The mission went smoothly, and was a lot of fun, and I got to sleep without much trouble. However, the next day (I was pulling a 26 hour shift at the DSC) while waiting for a mission to start so I could go help, I was waiting in the Atlantis control room, cleaning up a few things, and listening to music, when my computer--the device from which the music was being played--shut down, dropping me into eery silence. I don’t know how many of you have been in the Atlantis control room alone before, but those who have can attest. It is creepy. I don’t know what it is about that room, but it’s chilling. This was intensified by the fact that the odd presence from the night before had returned. Being alone this time, I decided to try my luck at communication. “Hello?” I called tentatively. “I would appreciate it if you would leave me alone--I’ve been respectful to all of you spirits of the simulators, and would like some privacy.” I got the distinct impression that someone was laughing. And not in a kind way. Fairly terrified, I went downstairs, hoping, praying it would leave me alone, whatever it was.
Ah, but Fate would not have it so.

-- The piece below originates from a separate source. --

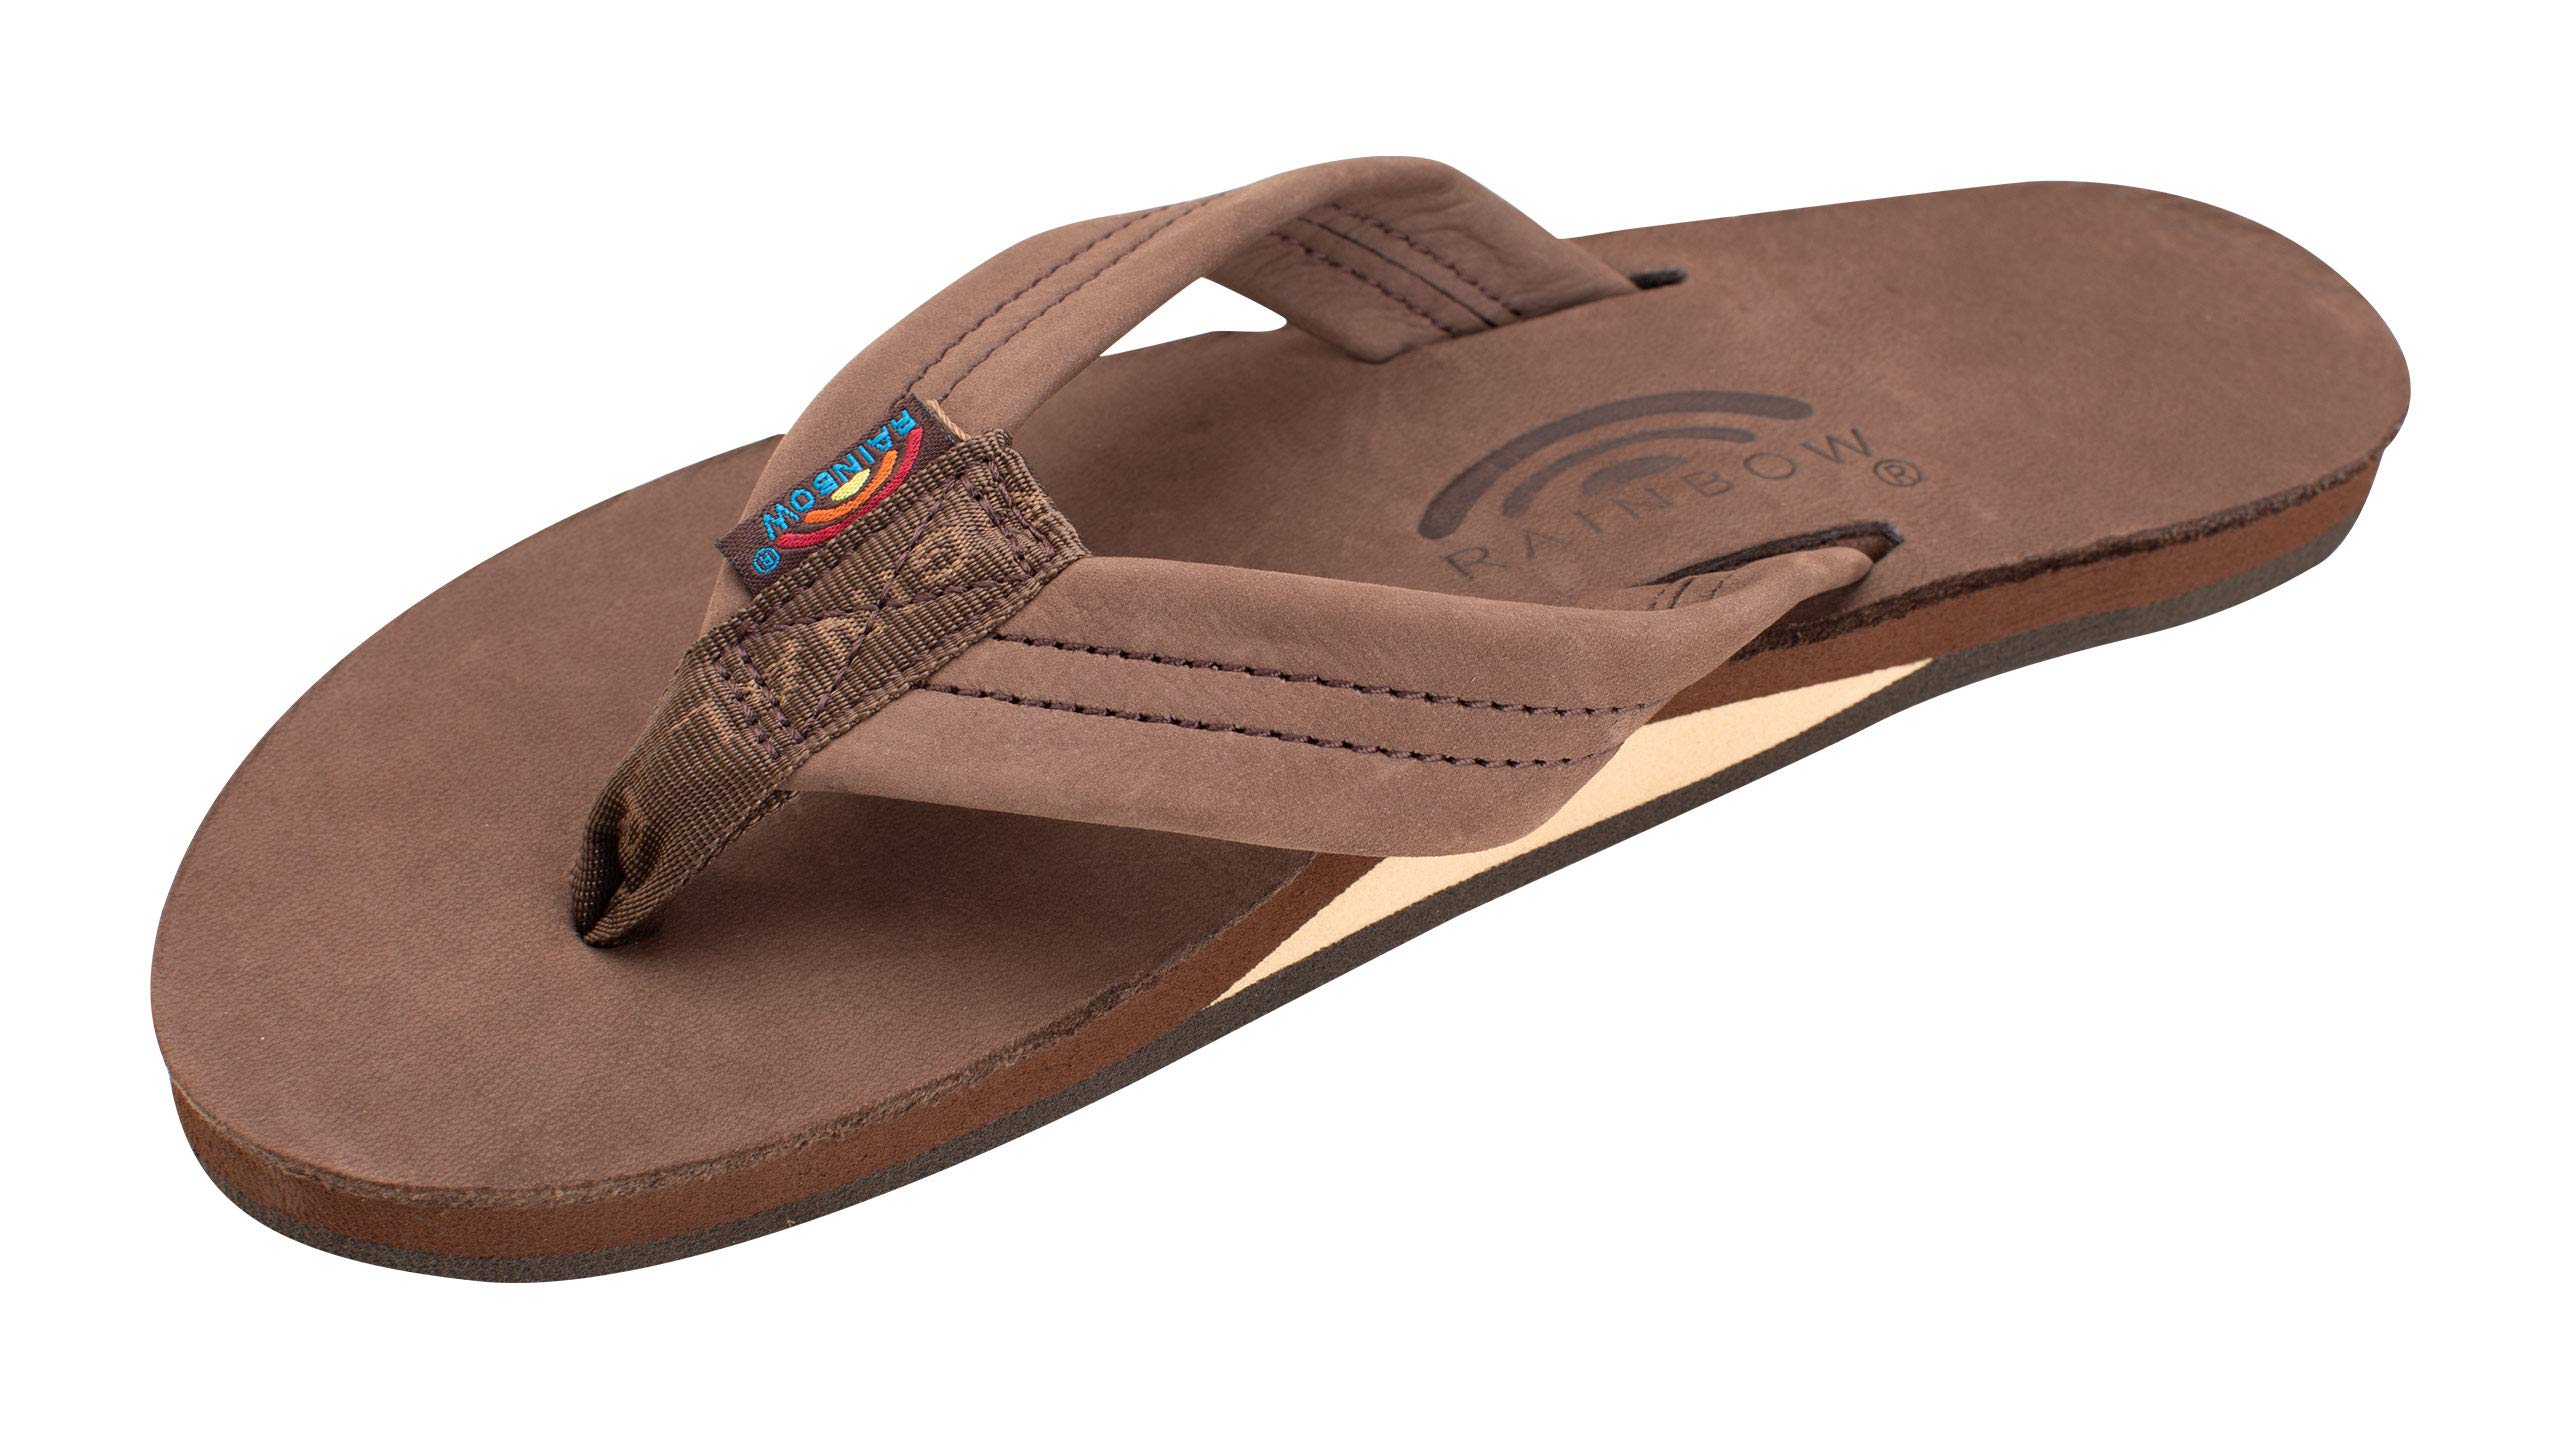 Rainbow Sandals Women's Single Layer Premier Leather Sandal, Expresso, Ladies Large / 7.5-8.5 B(M) US by Rainbow Sandals

I was asked to go fetch something from the dreaded Boiler Room, a paintbrush I think. Now, something I will admit freely--I am not even remotely in the area of being good at finding things. Even if I were given explicit instructions, I would still return to ask for more. So I wasn’t thrilled about being told to go look for something in a place as creepy as the Boiler Room.
As I carefully descended the steep stairs, I passed someone going up. Great. I would be completely alone down there. Luckily, I found the cabinet Bracken had referred me too, and retrieved the paintbrush. And there it was, stronger than before, that sense that someone was behind me, watching me. A thrill of fear jolted me into motion, and I sprinted up the stairs, jumping so high I would put any Olympic Hurdler to shame.
I’m not sure which ghost(s) decided I was a worthy target that day. Whichever ones or one it was left me alone after that, especially as other people came to help me clean the control room, and then I worked missions. But one thing is for certain--you won’t catch me alone at DSC anytime in the near future. Or Ever.